BTW, I work as in-house legal counsel in an MNC.
Sorry to burst your bubble but inhouse legal commands no respect with the business teams in all companies, exceptional individuals aside.
On the contrary they are viewed as a pain to be tolerated and humoured, an annoyance cast upon them and a pack of naysayers who react in the negative to anything. They are also hopelessly slow and quality / turnaround time control is impossible.
This is reflected in the much lower salaries paid to inhouse lawyers as well as reduced scope for promotions and career advancement. No surprises though, inhouse is a cost centre, not revenue earners so there is no case to reward them more. Anyway just open the list of highly paid company executives in the annual report of a listed company and see how many lawyers make that list.
If you are unable to understand this simple fact, you're proof of what I've been writing about the low quality of inhouse lawyers. Lol
In-house counsel are increasingly taking on a business role...advising on the fields, ventures etc the company should or should not get into, which divisions to expand, etc - utilizing all the opportunities provided by law.
Companies want, and value, people who can understand their business thoroughly....something which an external law firm wallah will never be able to...and for this role major corporates are willing to pay top dollar.
Every top management meeting/ review or to chalk out strategy- Legal/ GC is always present. GCs march with CEOs..hand-in-hand, shoulder to shoulder.
And you stay buried under your rock...."rock of ages cleft for me, let me hide myself in thee!"
Quoting Toplady will not turn your post into anything meaningful any more than working inhouse counsel roles turn lawyers into ace business advisors.
Companies do not hire inhouse lawyers to advise them on 'business'. They have trainloads of MBAs and McKinsey for that. They hire inhouse lawyers to save some money by keeping mundane legal work and minor legal opinions from being outsourced to firms which would charge a bomb. That's a great business move in itself.
You do not seem to have much interaction with the "businesswallahs" you quote if you believe they seek advice of inhouse counsel to suggest which businesses they should enter into. The most they will ask is if a particular business is legally risky and if so what are the risks, questions most inhouse counsel would balk at replying. In the end AMSS or AZB would get a brief to prepare a brief outlining possible risks and maybe supplement it with an opinion from a senior advocate. A few (inhouse and outhouse) lawyers may pursue an MBA and join the business afterwards but thats in a completely different capacity.

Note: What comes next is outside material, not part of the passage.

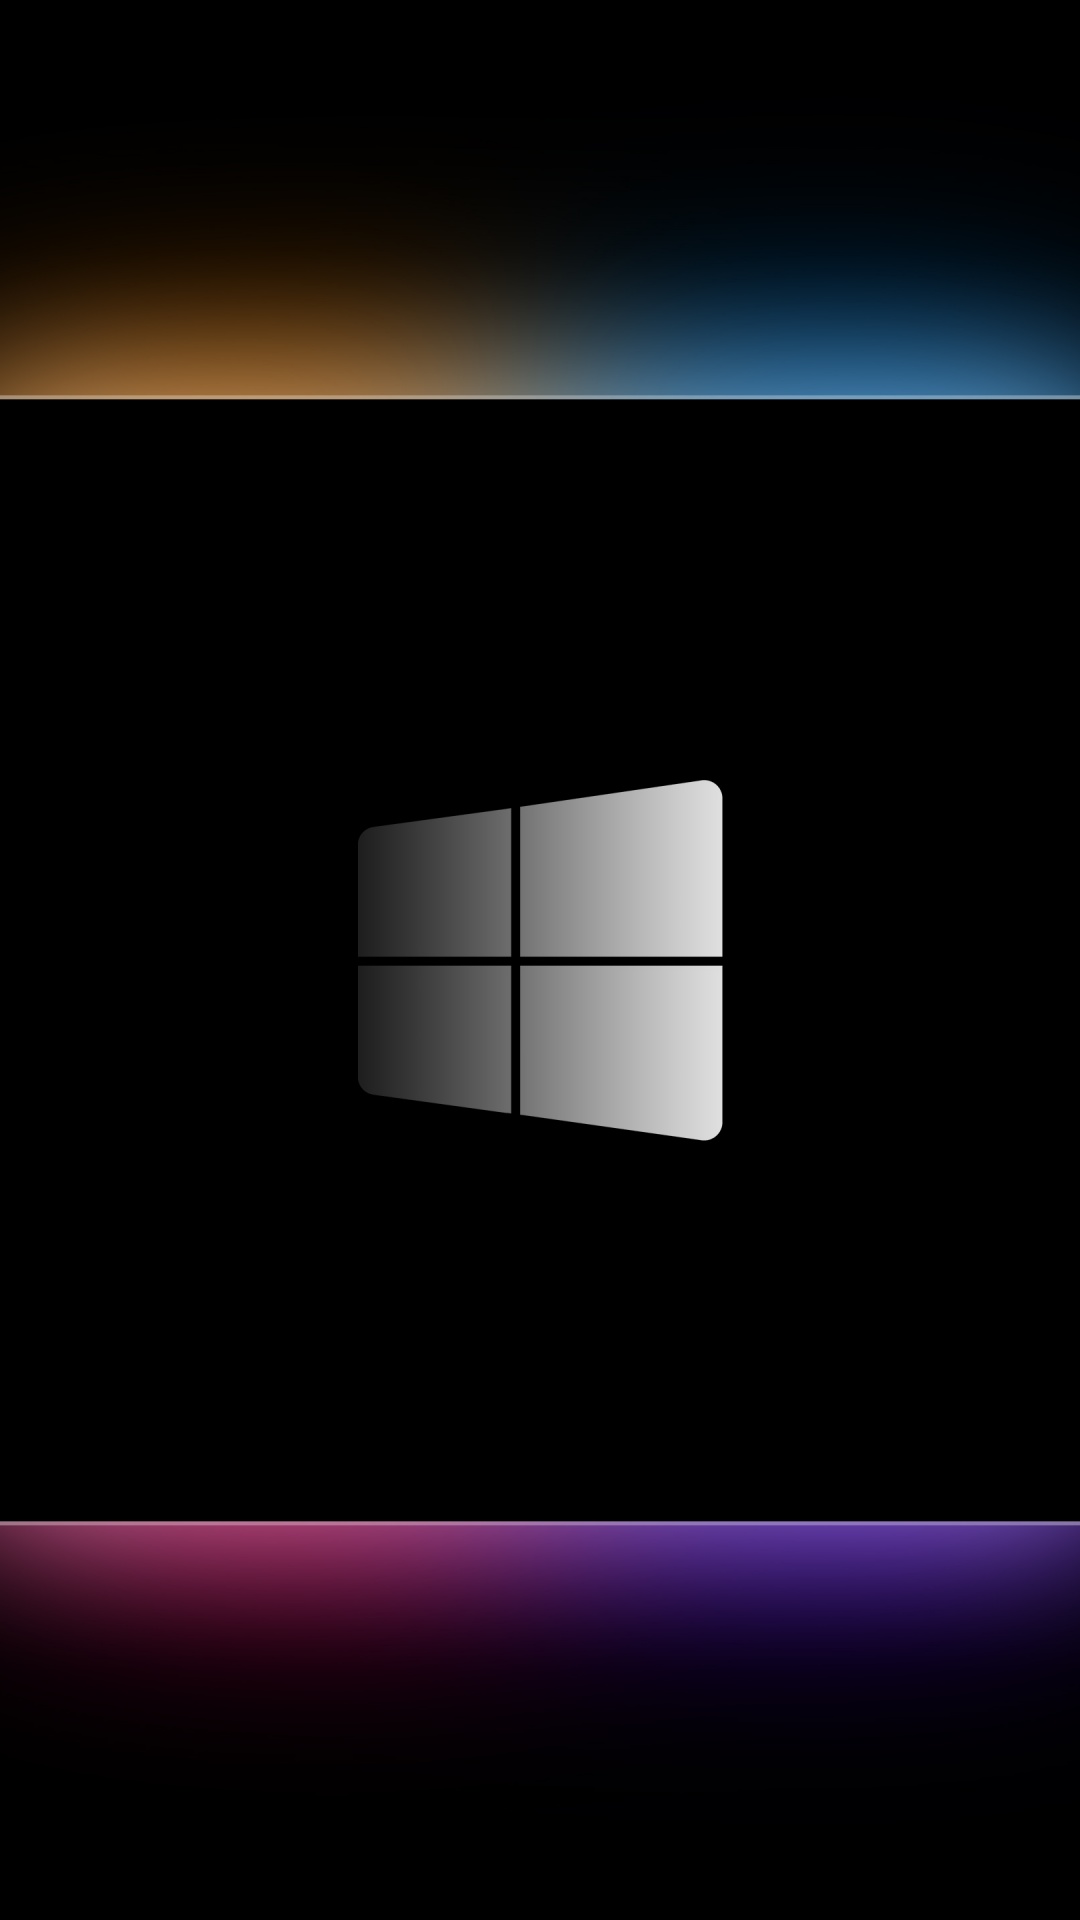 HD wallpaper: Windows 10, abstract, GMUNK, copy space, dark, indoors, black  color | Wallpaper Flare

Genuine Answer: The IFMR position was well advertised in legal circles and IIRC the CTC per month was nearly a lakh. In effective terms Rs. 80,000 before tax. IFMR was simply not able to attract lawyers (understandable) and had been searching for a while with little success. Almost every banking partner / GC on the biglaw and littlelaw circuit was tapped to recommend suitable candidates.

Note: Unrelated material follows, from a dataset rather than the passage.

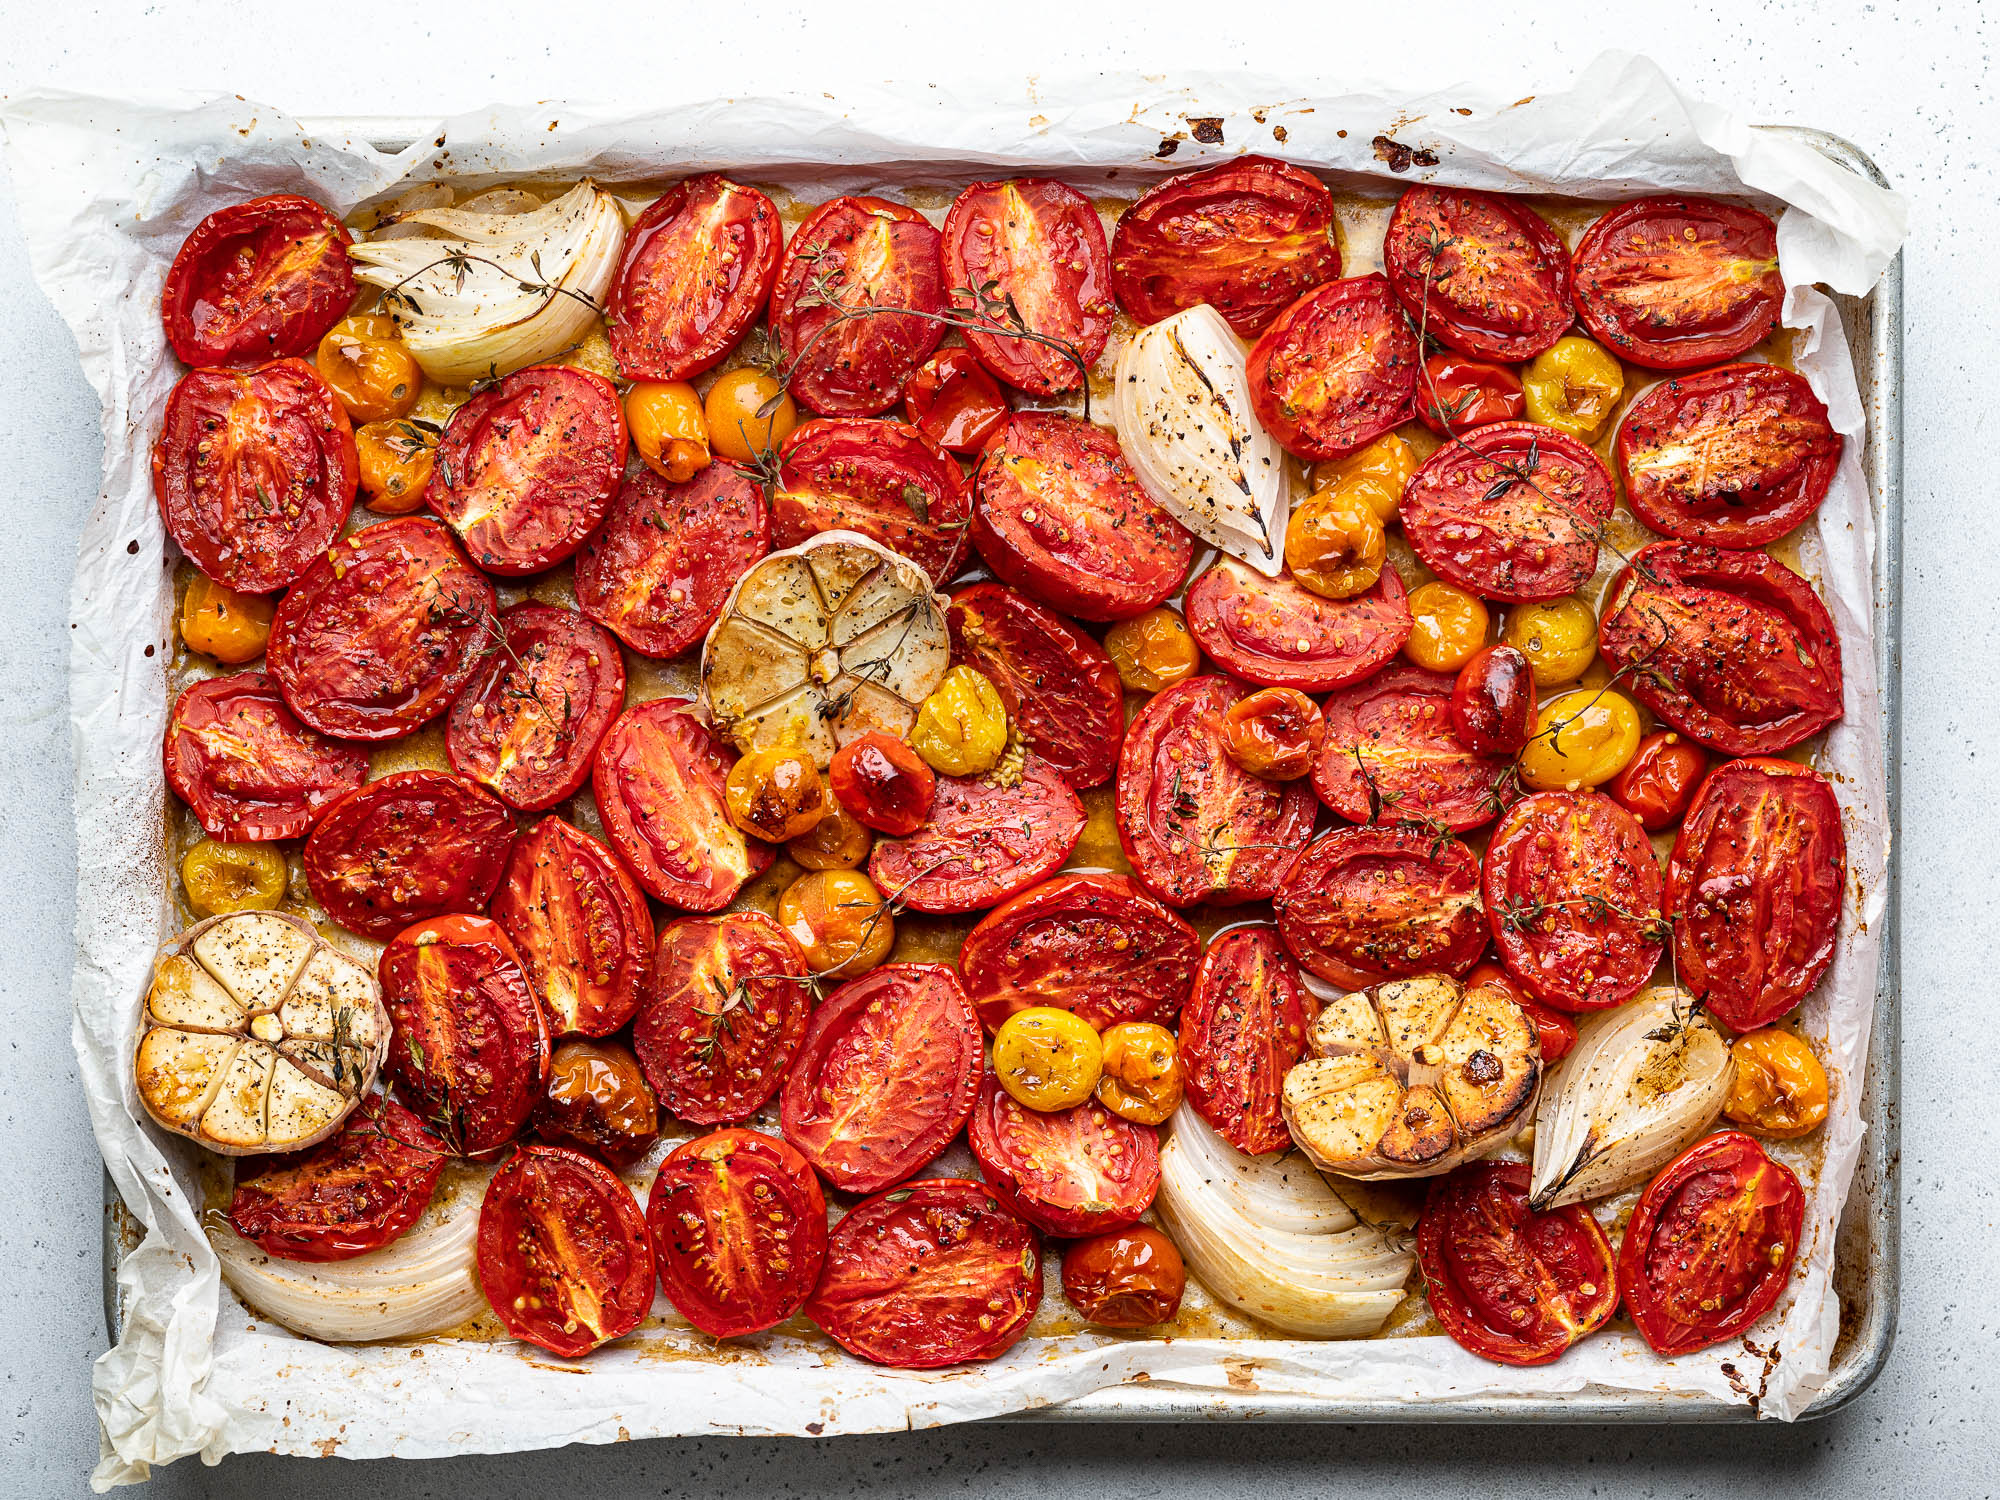 raw sliced tomatoes, onions, and garlic on sheet pan

I cant talk about Phoenix Legal (not clued into lower tier firms) but it would not surprise me if they offered him a 50% raise without a fuss.
As for IFMR, it's the proverbial deadwater for banking lawyers who have no options or are stagnating. The organisation is Chennai based, they have a negligible presence except to act as ICICI's proxy in a few deals, their website is not updated and features [...]
@Kian- what is truly the salary structure for GC/ deputy GC at this level of the career? Please consider shedding some light on the ranges. Perhaps a story in the making?
That aside, Kian, it'll be really helpful to know the salary band for in-house lawyers.